The Great Round World and What Is Going On In It, Vol. 1, No. 54, November 18, 1897 / A Weekly Magazine for Boys and Girls

The mayor of the city of Greater New York is Judge Robert A. Van Wyck.

New York city has just been passing through the most exciting election that has fallen to her lot since she became a city.

This being the first election since the passing of the charter which made New York the second largest city in the world, each political party has been trying to get a man in for mayor who represented its own especial way of thinking.

You will remember our telling you about the passing of the charter last spring, and remarking that the man who would be made mayor of this great city would have to rule over nearly three and a half millions of people. He will also have to appoint officers of the government whose salaries will amount to five hundred thousand dollars a year, and to control New York's yearly income, which will amount to more than sixty millions of the people's money.

On January 1st, 1898, Greater New York will embrace Staten Island, the whole of Brooklyn as far down the Bay as Rockaway Beach, extend as far north as Yonkers, and stretch across the country to the Sound, which it will cross to take in Queens County on Long Island.

In the recent election one of the principal candidates for the mayoralty was Mr. Seth Low, the president of Columbia University, who was mayor of the city of Brooklyn in 1881, and was re-elected to the same office in 1883. Besides Mr. Low there were Gen. Benjamin F. Tracy, who was Secretary of the Navy under President Harrison in 1889, Robert A. Van Wyck, chief judge of the city court, and Mr. Henry George.
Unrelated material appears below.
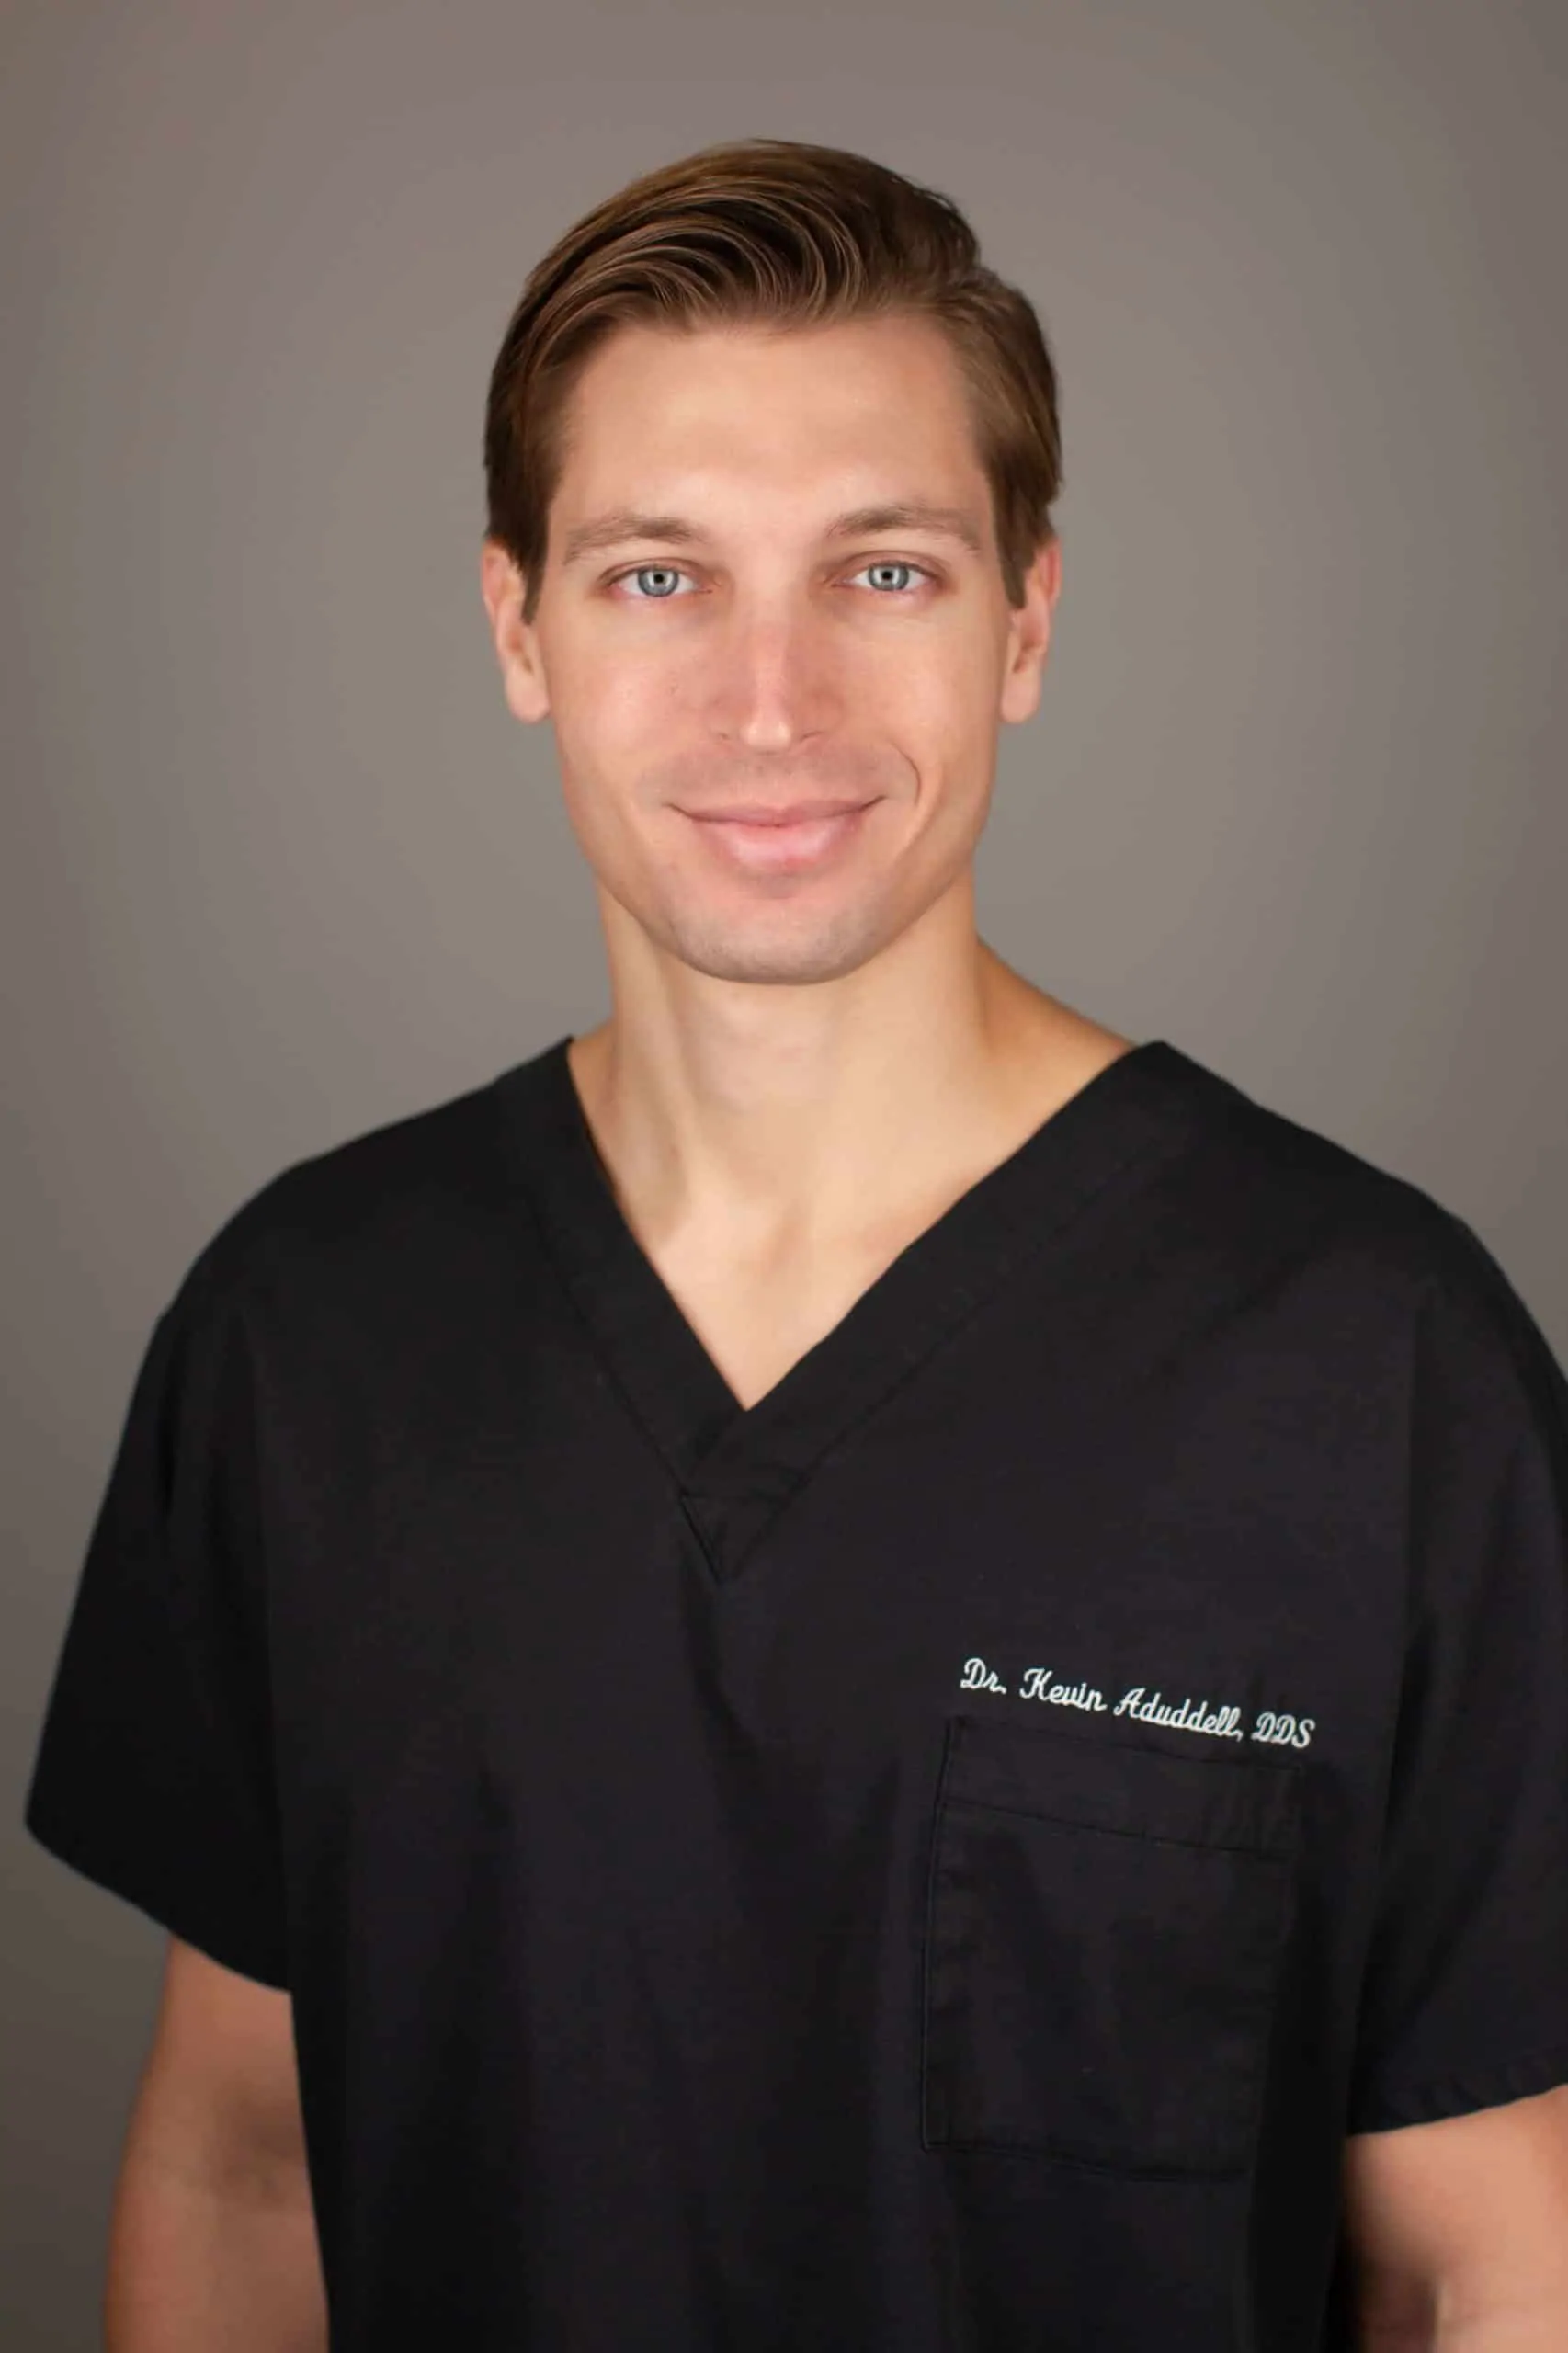 Dr. Kevin Aduddell at Aduddell Dentistry

The contest was a very lively one, and each man who thus offered his services to his city had to endure a severe course of the abuse which it is the fashion nowadays to heap on any man who puts himself before the public gaze.

Accusations have been brought by each party against the others, until, to the unprejudiced outsider, it has seemed as if none of the candidates selected was fit to hold office at all.
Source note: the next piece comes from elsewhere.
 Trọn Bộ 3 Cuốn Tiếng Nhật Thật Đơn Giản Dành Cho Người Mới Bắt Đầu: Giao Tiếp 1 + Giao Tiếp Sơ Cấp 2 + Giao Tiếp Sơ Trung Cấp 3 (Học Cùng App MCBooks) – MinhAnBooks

Judge Van Wyck and General Tracy have been accused of being so much under the rule of their party leaders that they could not possibly give New York honest government. Mr. Seth Low has been declared to be such an autocrat that he would rule the city according to his own ideas, were they good or bad. Mr. George was called a visionary person, who would turn the world upside down if ever he came into power. These were, of course, the opinions of the candidates' enemies. To their friends each of them was felt to be the one man for whom the city had been waiting, and whose election would insure the best possible government at the lowest possible cost to the people.
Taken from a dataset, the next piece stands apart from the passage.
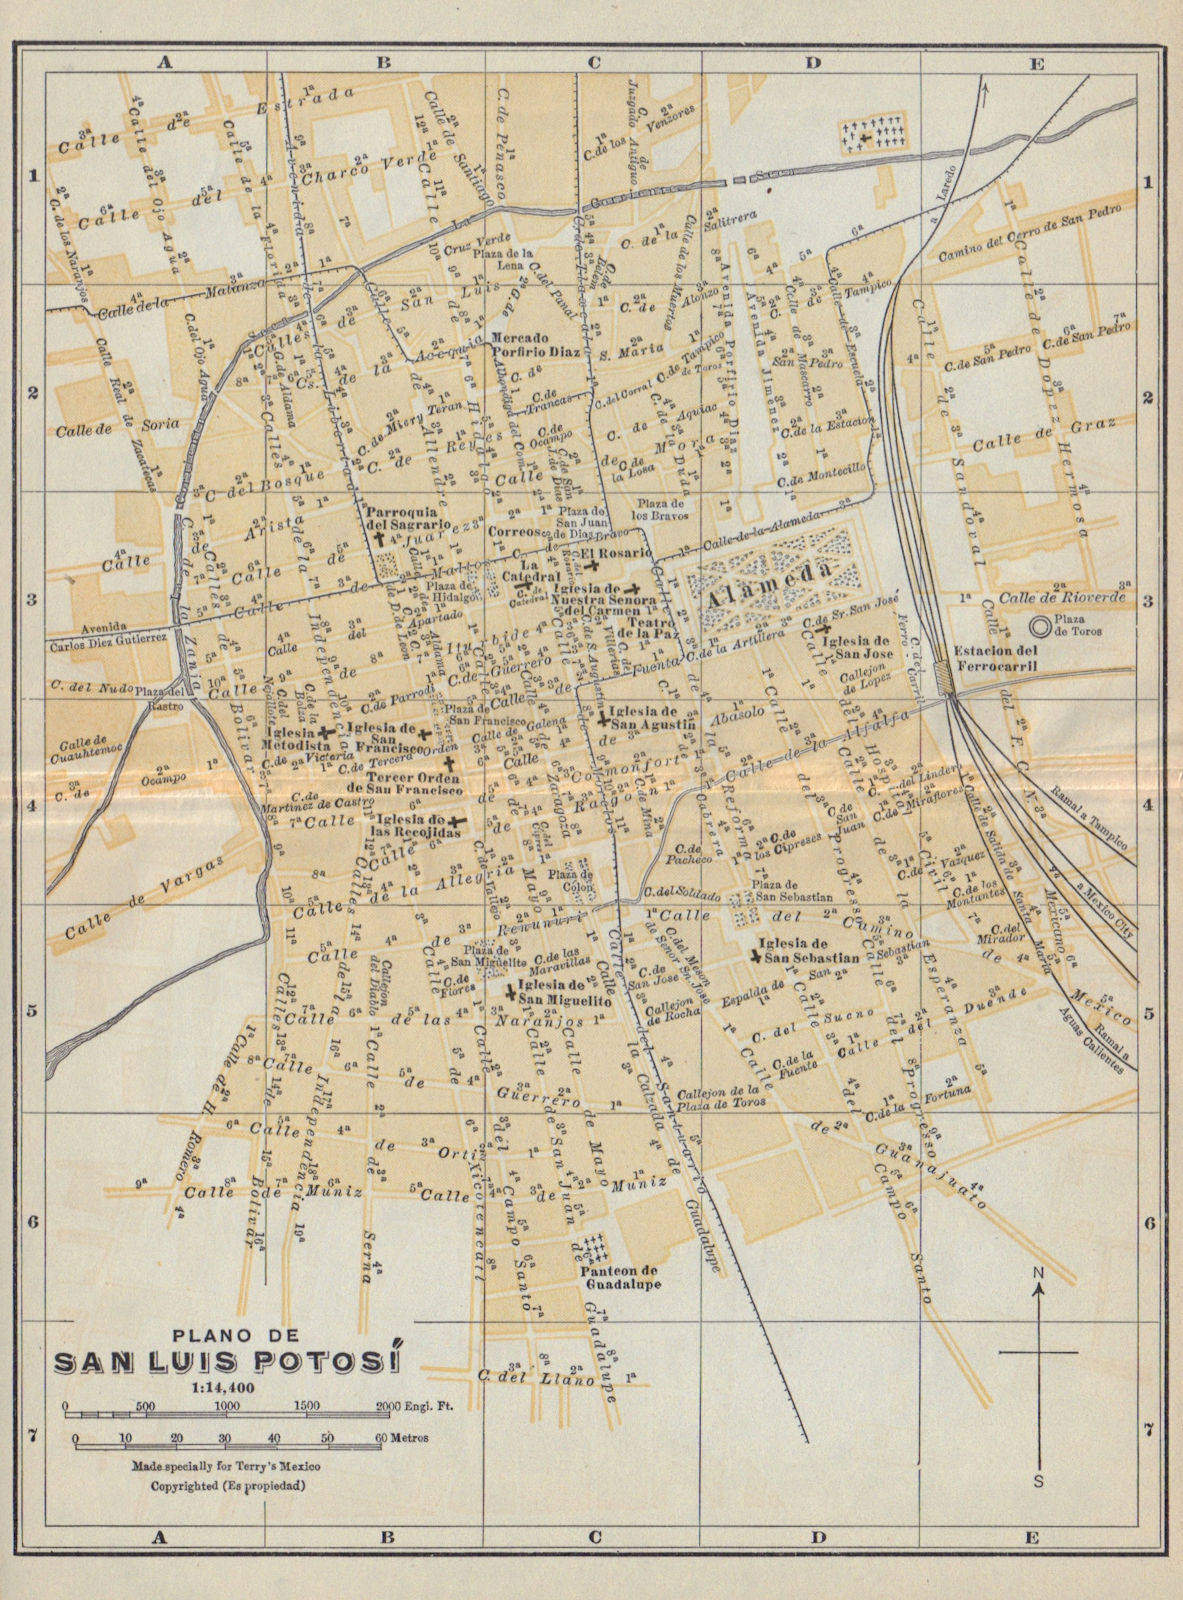 Plano de SAN LUIS POTOSI, Mexico. Mapa de la ciudad. City/town plan 1938

You may judge for yourselves that all these opinions could not possibly be true; and that therefore the candidates, as well as their parties, must have had their good sides and their bad sides. We can only hope that Judge Van Wyck, who was elected to the position by a very large majority, may prove to be the best man for the place.

A very sad and painful turn was given to the election by the sudden death of Mr. Henry George, one of the candidates.

Mr. George was a man who had made a world-wide reputation for himself as the originator of the Single-Tax system.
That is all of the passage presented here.